_WHAT TO WORK ON_: Quote all of the data exactly as given. Skip every picture it contains.

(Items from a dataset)
__________________________________________________
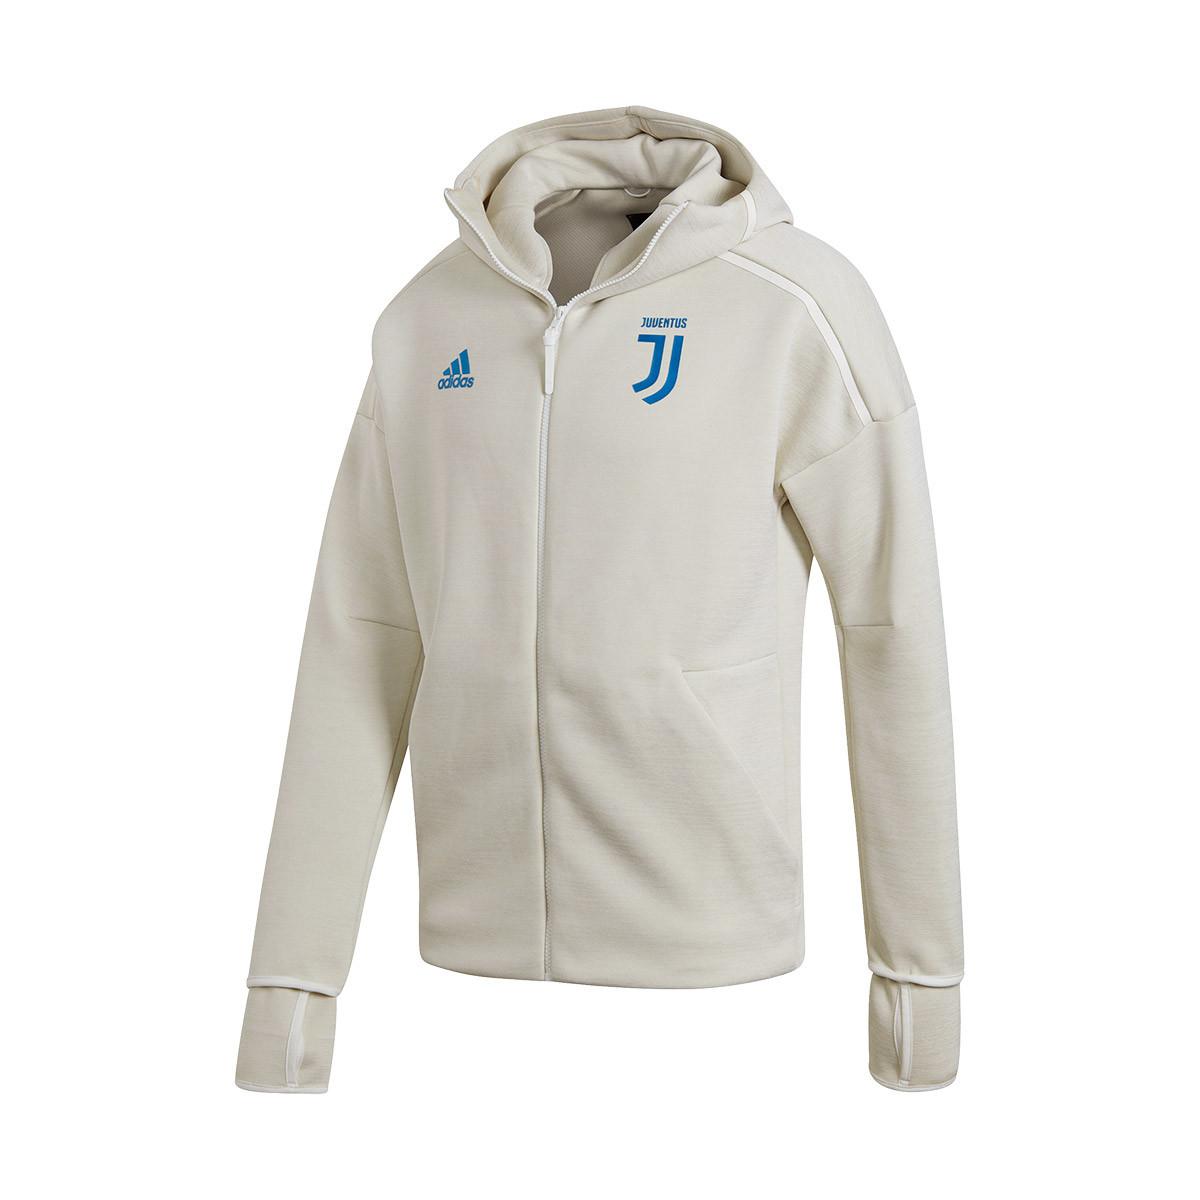 Promesa Hacer deporte Ideal  Sudadera adidas Juventus ZNE HD 2019-2020 Core white-Raw white - Tienda de  fútbol Fútbol Emotion
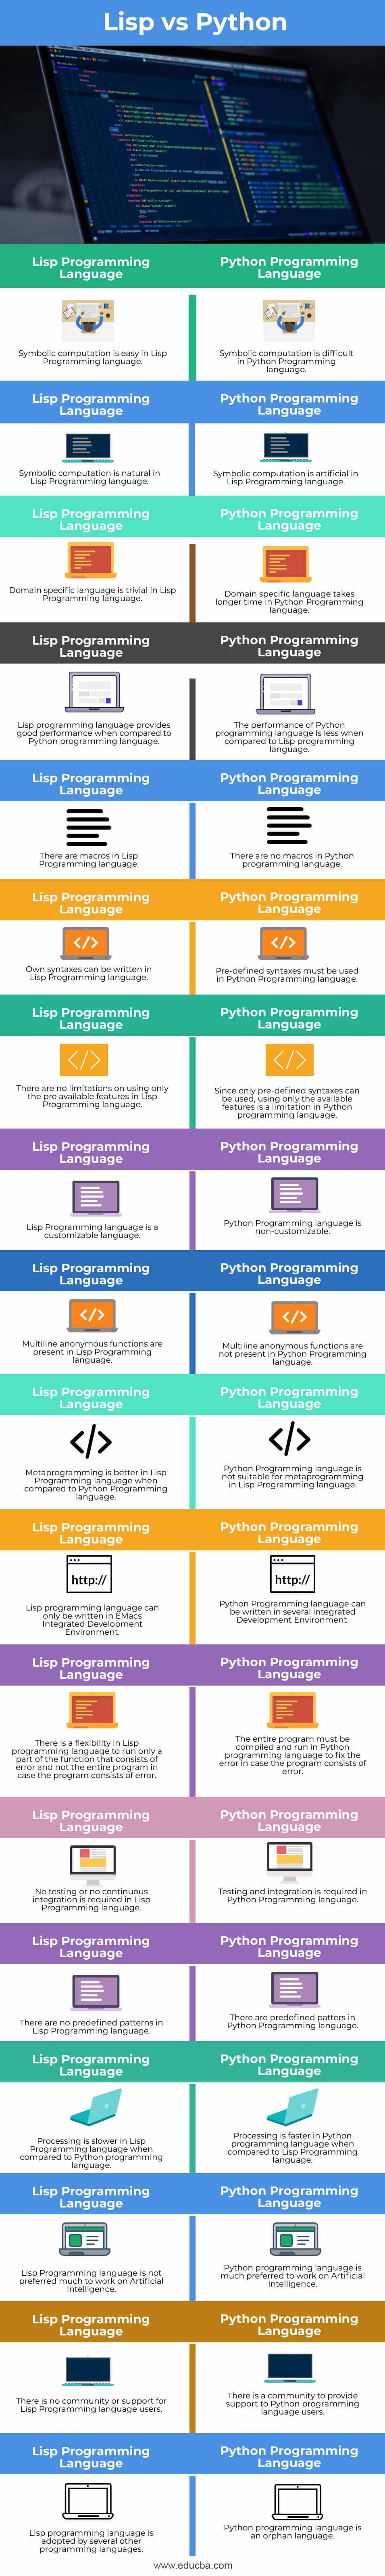 Lisp-vs-Python-info
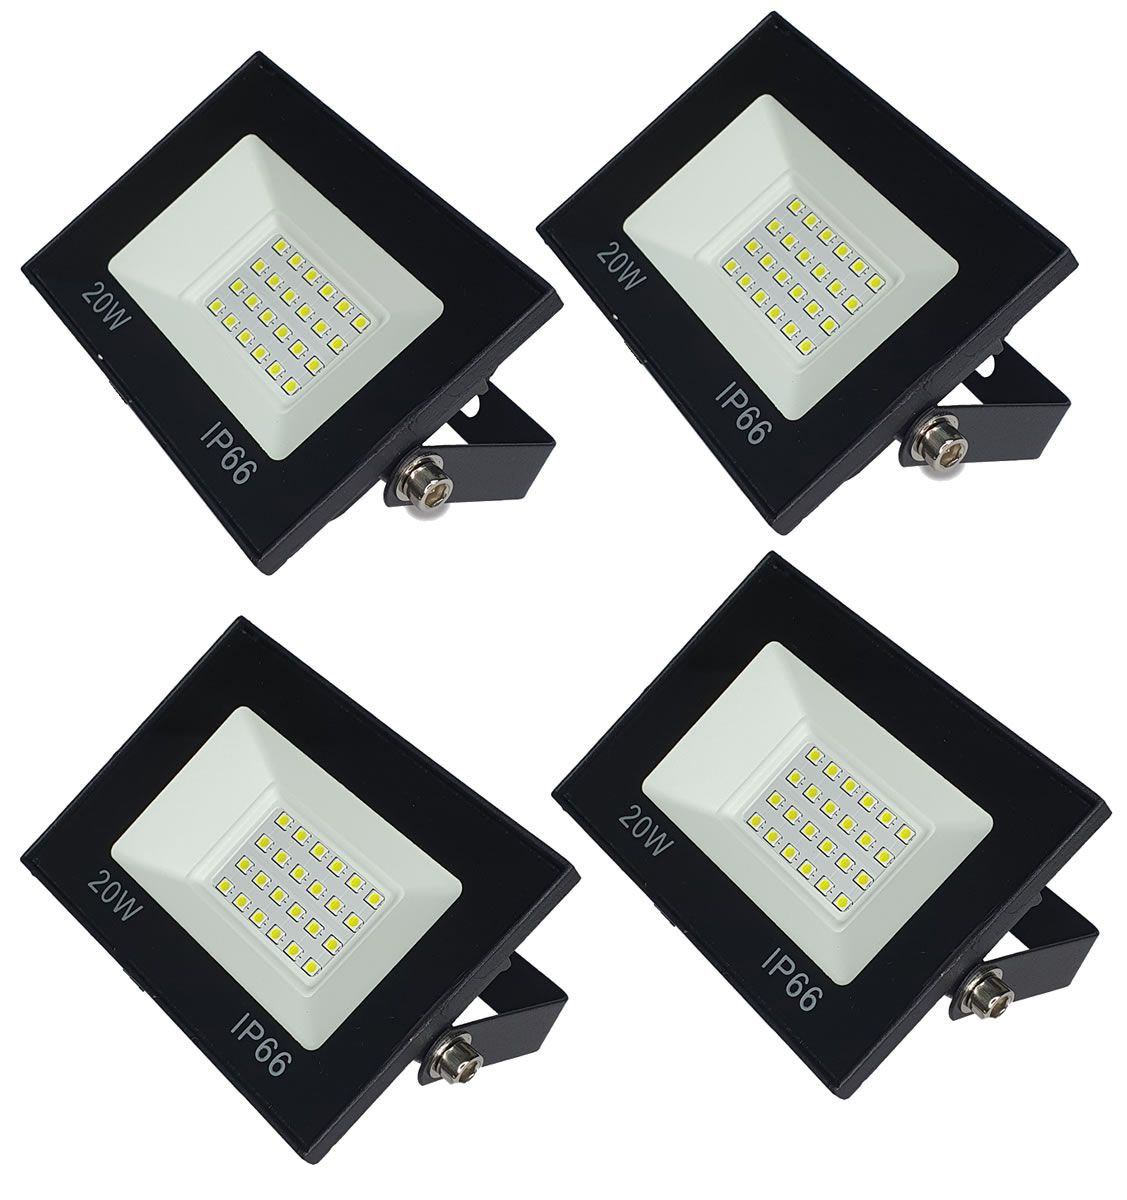 KIT 4 refletor 20w LED SMD Holofote Bivolt Externo Luz Branca
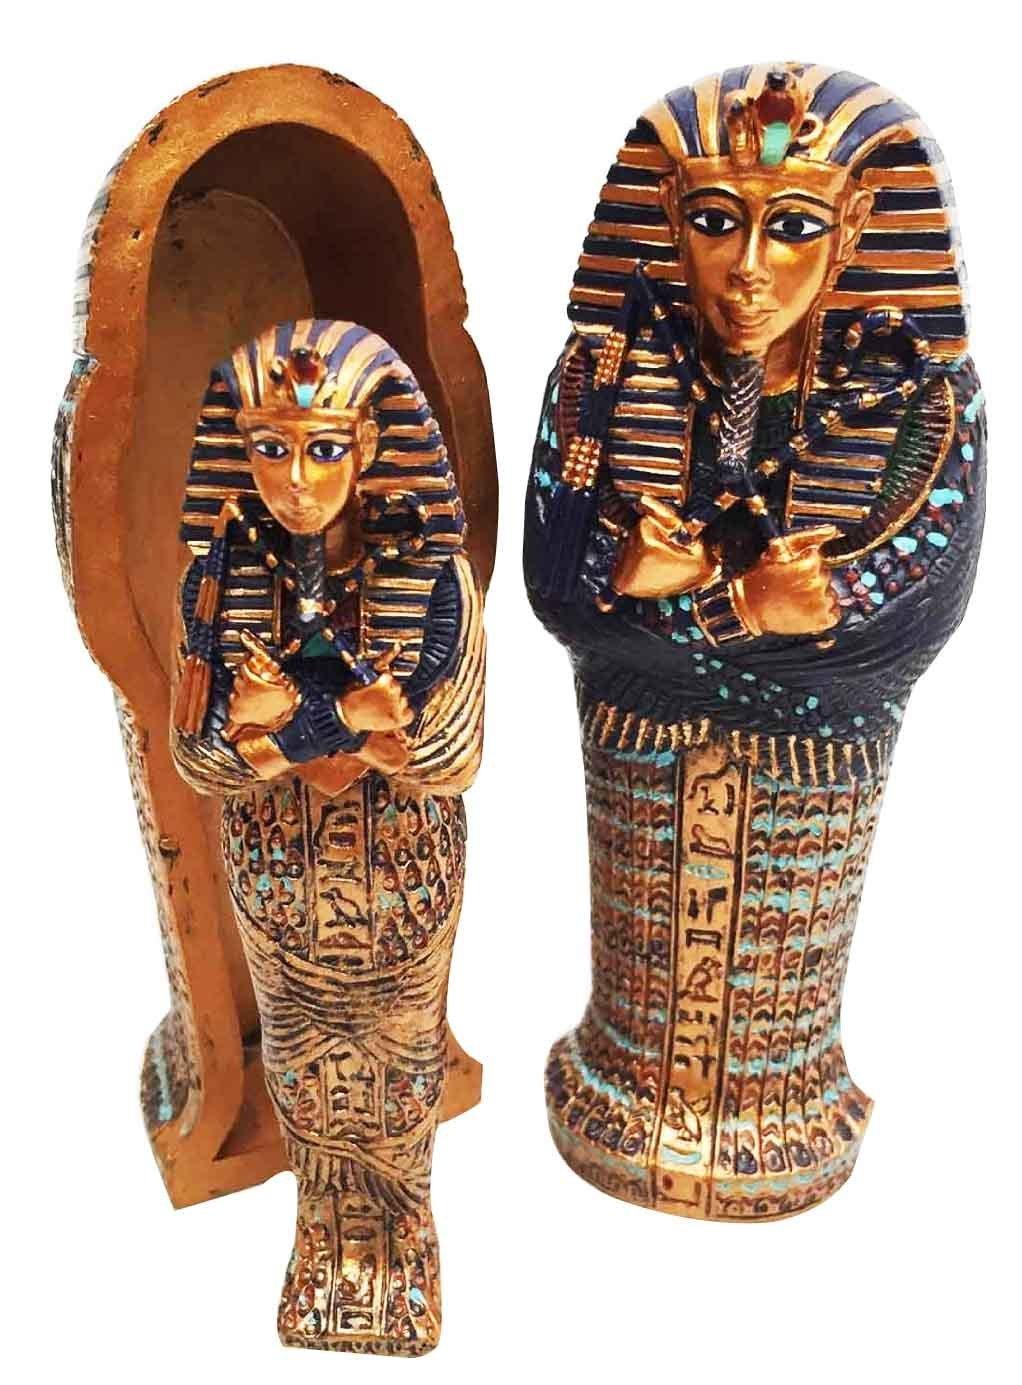 Uncategorized Pictures Of Sarcophagus amazon com mini egyptian king tut pharaoh sarcophagus with mummy sculpture figurine box beauty
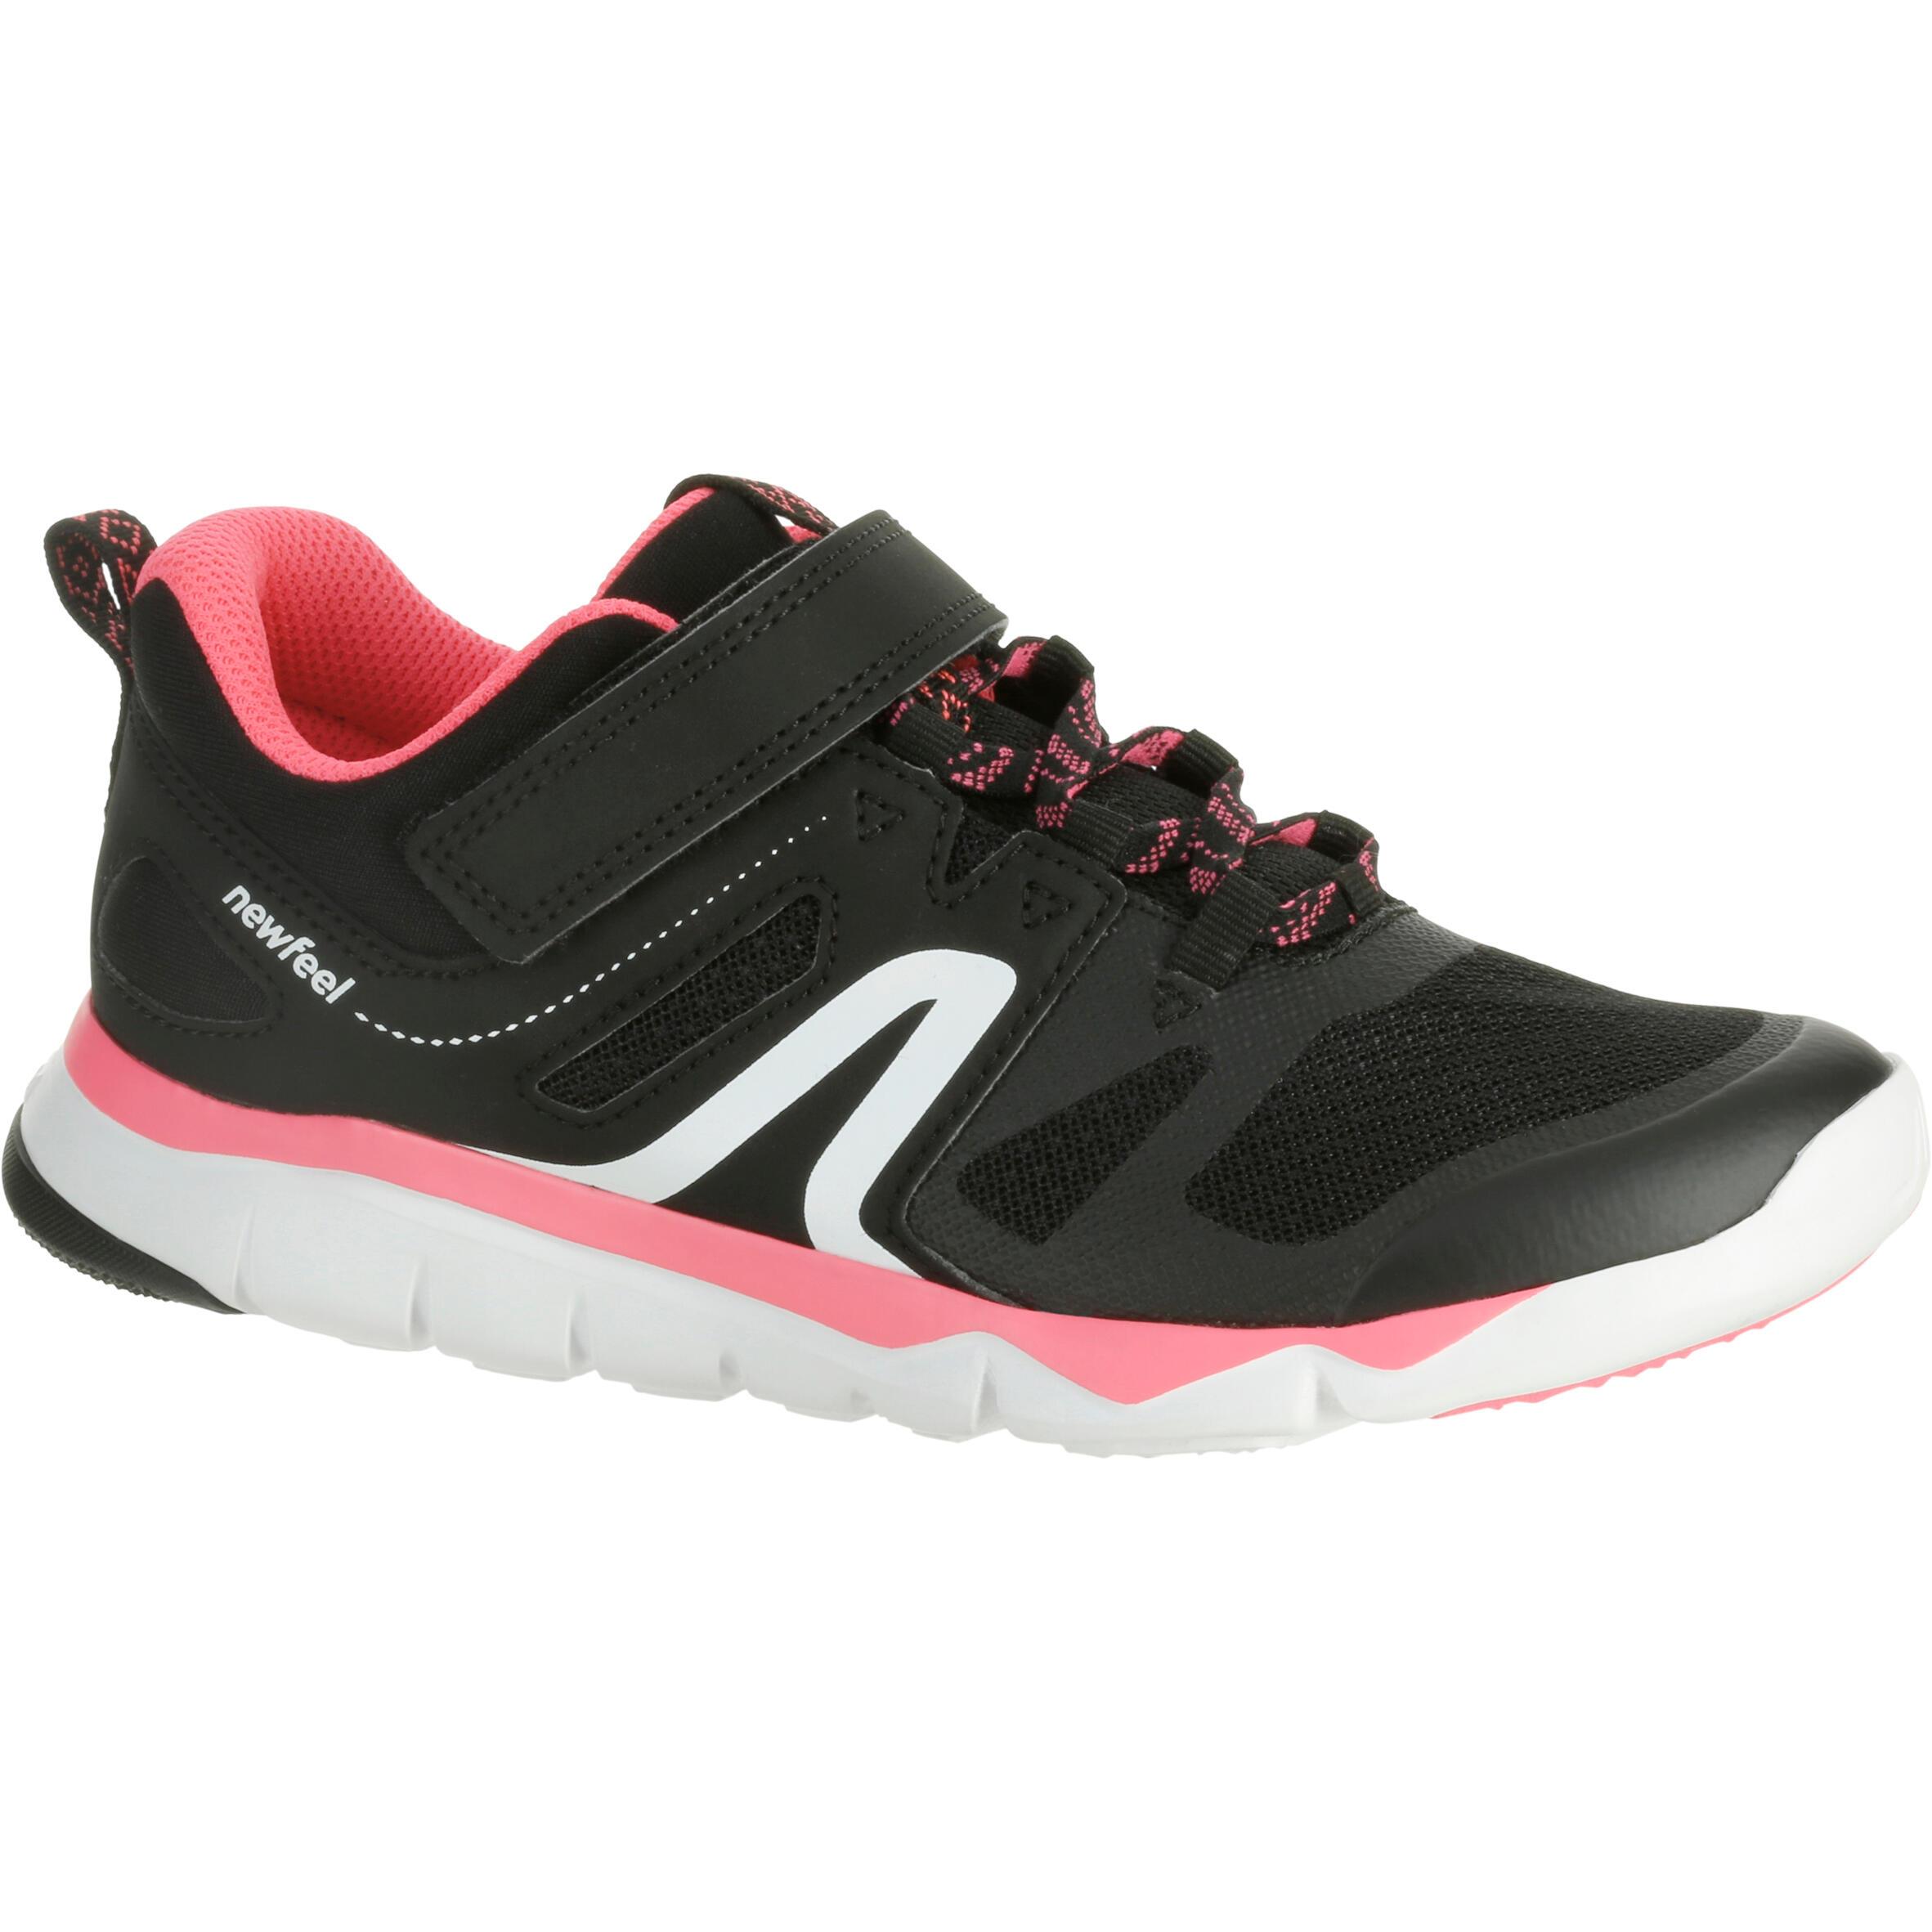 Tenis de caminata deportiva para niños PW 540 negro / rosa
__________________________________________________
_SOLUTION BELOW_:
 Promesa Hacer deporte Ideal  Sudadera adidas Juventus ZNE HD 2019-2020 Core white-Raw white - Tienda de  fútbol Fútbol Emotion
 Lisp-vs-Python-info
 KIT 4 refletor 20w LED SMD Holofote Bivolt Externo Luz Branca
 Uncategorized Pictures Of Sarcophagus amazon com mini egyptian king tut pharaoh sarcophagus with mummy sculpture figurine box beauty
 Tenis de caminata deportiva para niños PW 540 negro / rosa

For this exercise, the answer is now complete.